I did this just using a list to hold the different layers as follows, seemed to work fine.

    # inputs
    x_size=2 # first layer nodes
    y_size=1 # final layer nodes
    h_size=[3,4,3] # variable length list of hidden layer nodes

    # set up input and output
    X = tf.placeholder(tf.float32, [None,x_size])
    y_true = tf.placeholder(tf.float32, [None,y_size])

    # set up parameters
    W = []
    b = []
    layer = []

    # first layer
    W.append(tf.Variable(tf.random_normal([x_size, h_size[0]], stddev=0.1)))
    b.append(tf.Variable(tf.zeros([h_size[0]])))

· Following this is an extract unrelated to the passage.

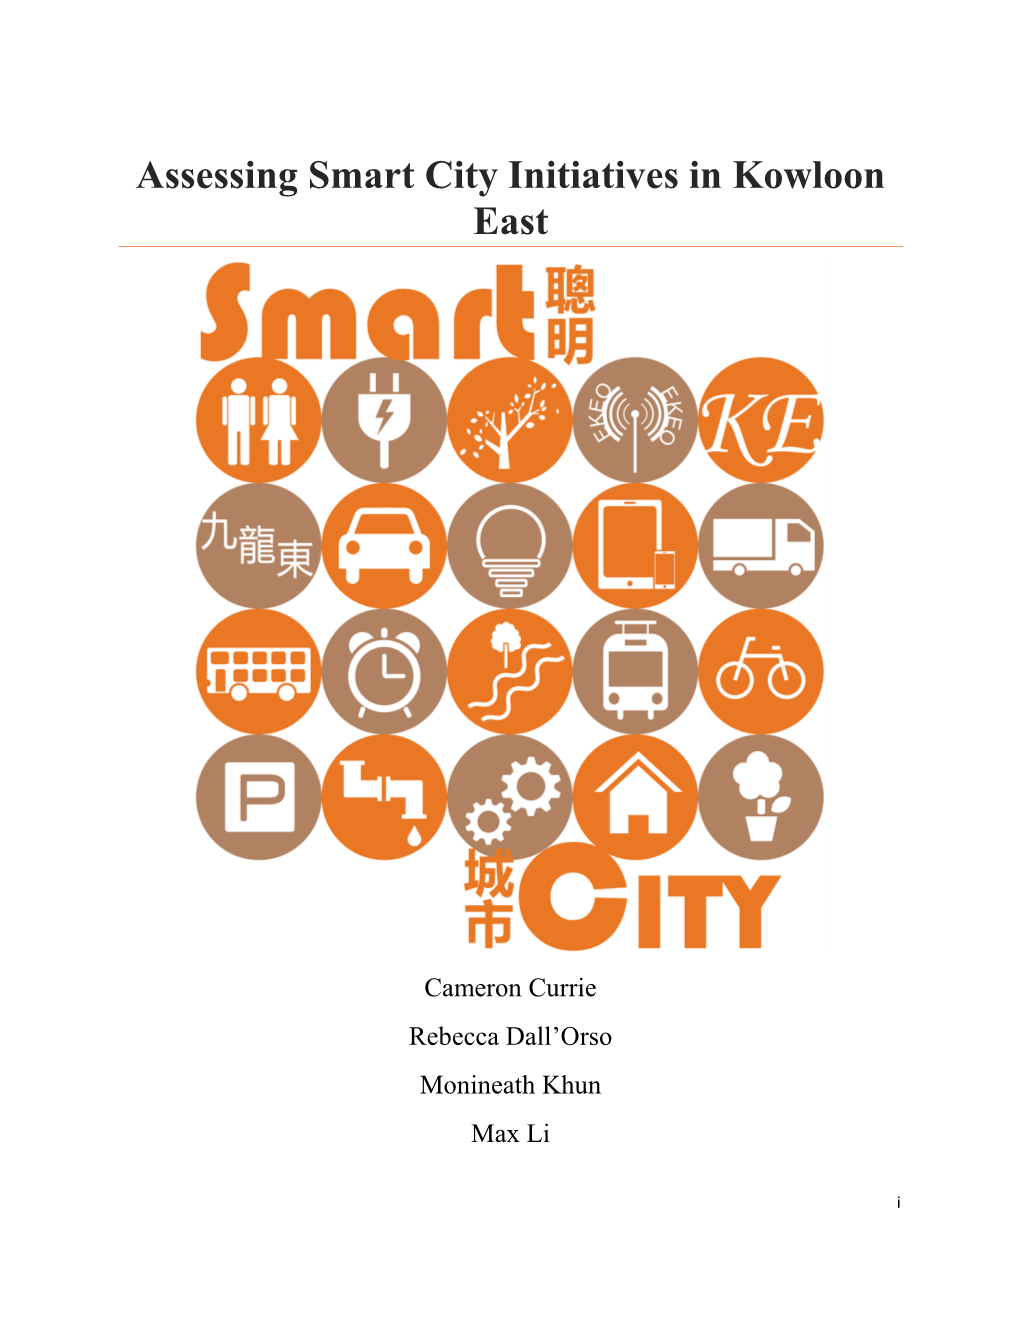 Assessing Smart City Initiatives in Kowloon East

    # add hidden layers (variable number)
    for i in range(1,len(h_size)):
        W.append(tf.Variable(tf.random_normal([h_size[i-1], h_size[i]], stddev=0.1)))
        b.append(tf.Variable(tf.zeros([h_size[i]])))

    # add final layer
    W.append(tf.Variable(tf.random_normal([h_size[-1], y_size], stddev=0.1)))
    b.append(tf.Variable(tf.zeros([y_size])))

    # define model
    layer.append(tf.nn.relu(tf.matmul(X, W[0]) + b[0]))

    for i in range(1,len(h_size)):
        layer.append(tf.nn.relu(tf.matmul(layer[i-1], W[i]) + b[i]))

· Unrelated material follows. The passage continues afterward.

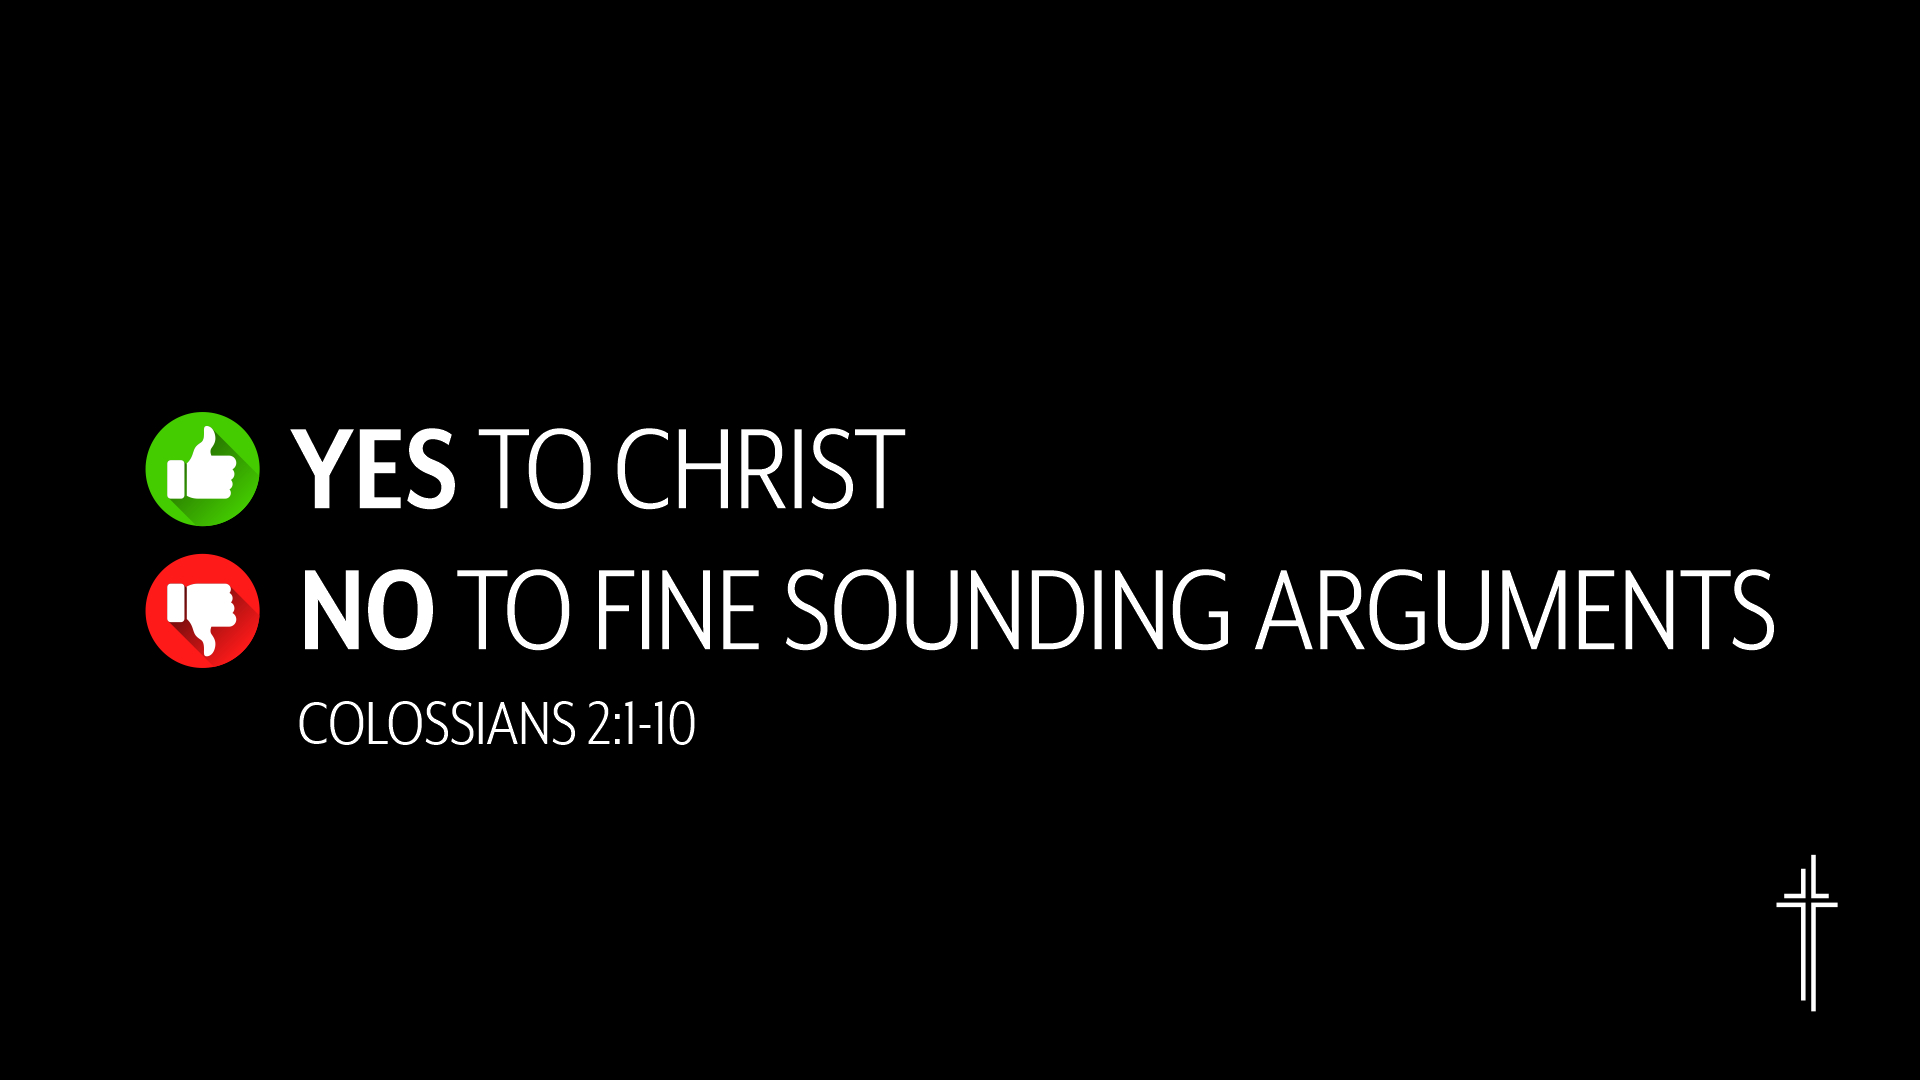 Yes to Christ, No to fine sounding arguments

    if self.type_in == "classification":
        y_pred = tf.nn.sigmoid(tf.matmul(layer[-1], W[-1]) + b[-1])
        loss = tf.reduce_mean(-1. * ((y_true * tf.log(y_pred)) + ((1.-y_true) * tf.log(1.-y_pred))))
        correct_prediction = tf.equal(tf.round(y_pred), tf.round(y_true))
        metric = tf.reduce_mean(tf.cast(correct_prediction, tf.float32))
        metric_name = "accuracy"

Upvotes: 1

toto2
toto2

Reputation: 5326

Not a direct answer, but you could consider using tensorflow-slim. It's one of the many APIs distributed as part of tensorflow. It is lightweight and compatible with defining all the variables by hand as you are doing. If you look at the webpage I linked, slim.repeat and slim.stack allow you to create multiple layers of different widths in one line. To make things more complicated: I think part of slim is now the module called layers in tensorflow.

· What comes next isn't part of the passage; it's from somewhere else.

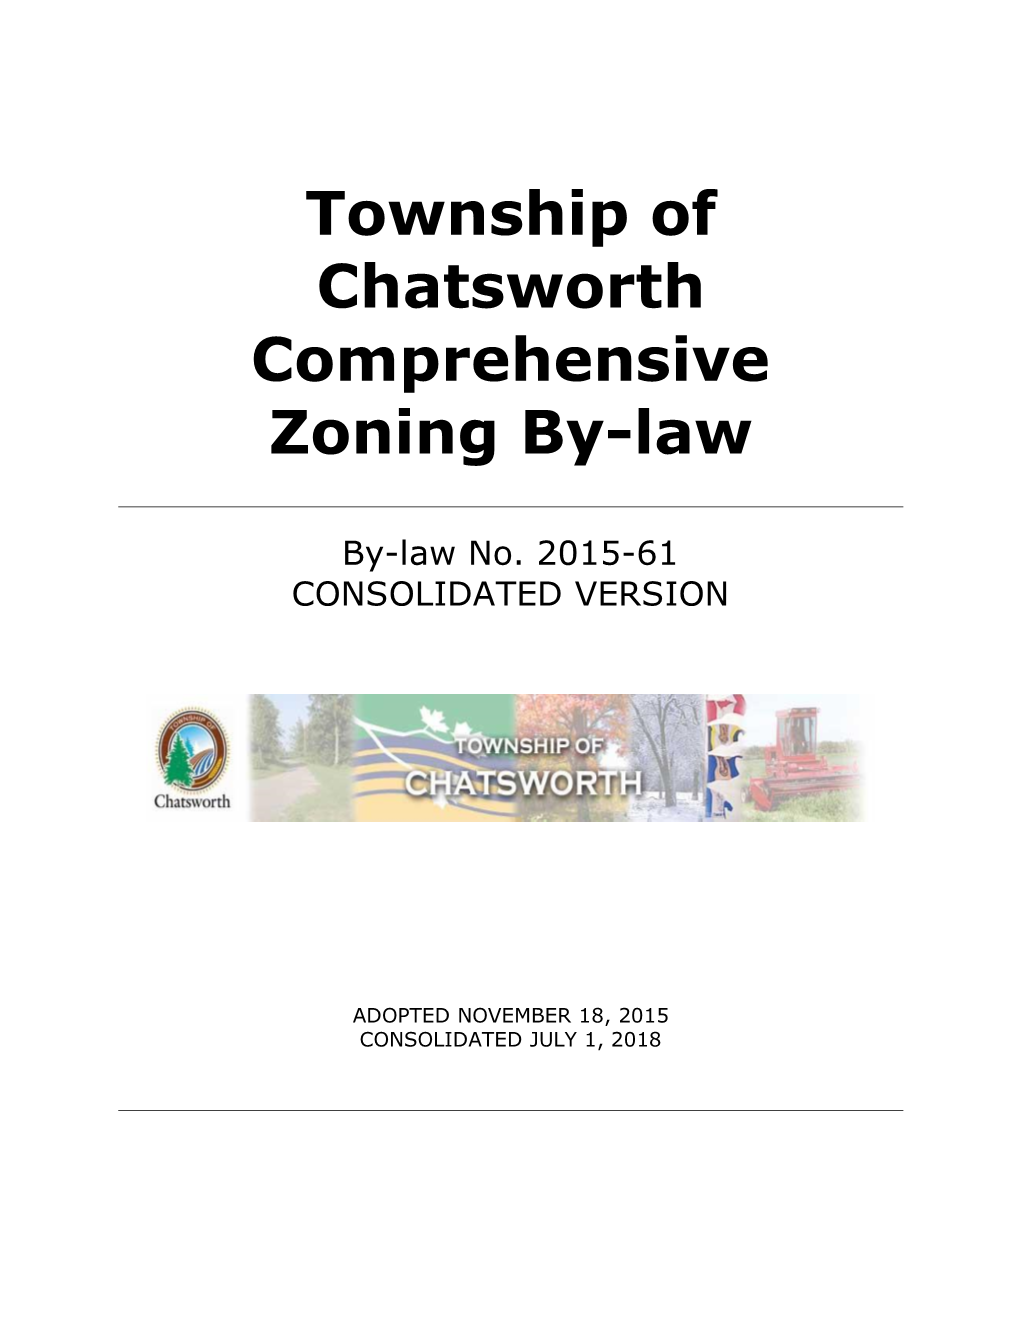 Download the Township of Chatsworth Comprehensive Zoning

But maybe you just want to play directly with tf variables to understand how it works and not use a higher level API until later.

In the code you posted, since you want to create three layers, you should call fc_layer three times, but you only call it once. By the way this implies that w and b will be created three different times, as different variables with different internal tf names. And it is what you want.

You should have some for-loop or while-loop which iterates three times. Note that the output tensor at the end of the loop will become the input tensor in the next iteration. The initial input is the true input and the very last output is the true output.

Another issue with your code is that the non-linearity (the sigmoid) should be at the end of fc_layer. You want a non-linear operation between all layers.


EDIT: some code of what would usually be done:

import tensorflow as tf

input_size = 10
output_size = 4
layer_sizes  = [7, 6, 5]

def fc_layer(input, size, layer_name):
    in_size = input.shape.as_list()[1]
    w = tf.Variable(tf.truncated_normal([in_size, size]),
                    name="W" + layer_name)
    b = tf.Variable(tf.constant(0.1, shape=[size]),
                    name="b" + layer_name)
    act = tf.nn.sigmoid(tf.matmul(input, w) + b)
    return act

input = tf.placeholder(tf.float32, [None, input_size])
# output will be the intermediate activations successively and in the end the
# final activations (output).
output = input
for i, size in enumerate(layer_sizes + [output_size]):
    output = fc_layer(output , size, layer_name=str(i + 1))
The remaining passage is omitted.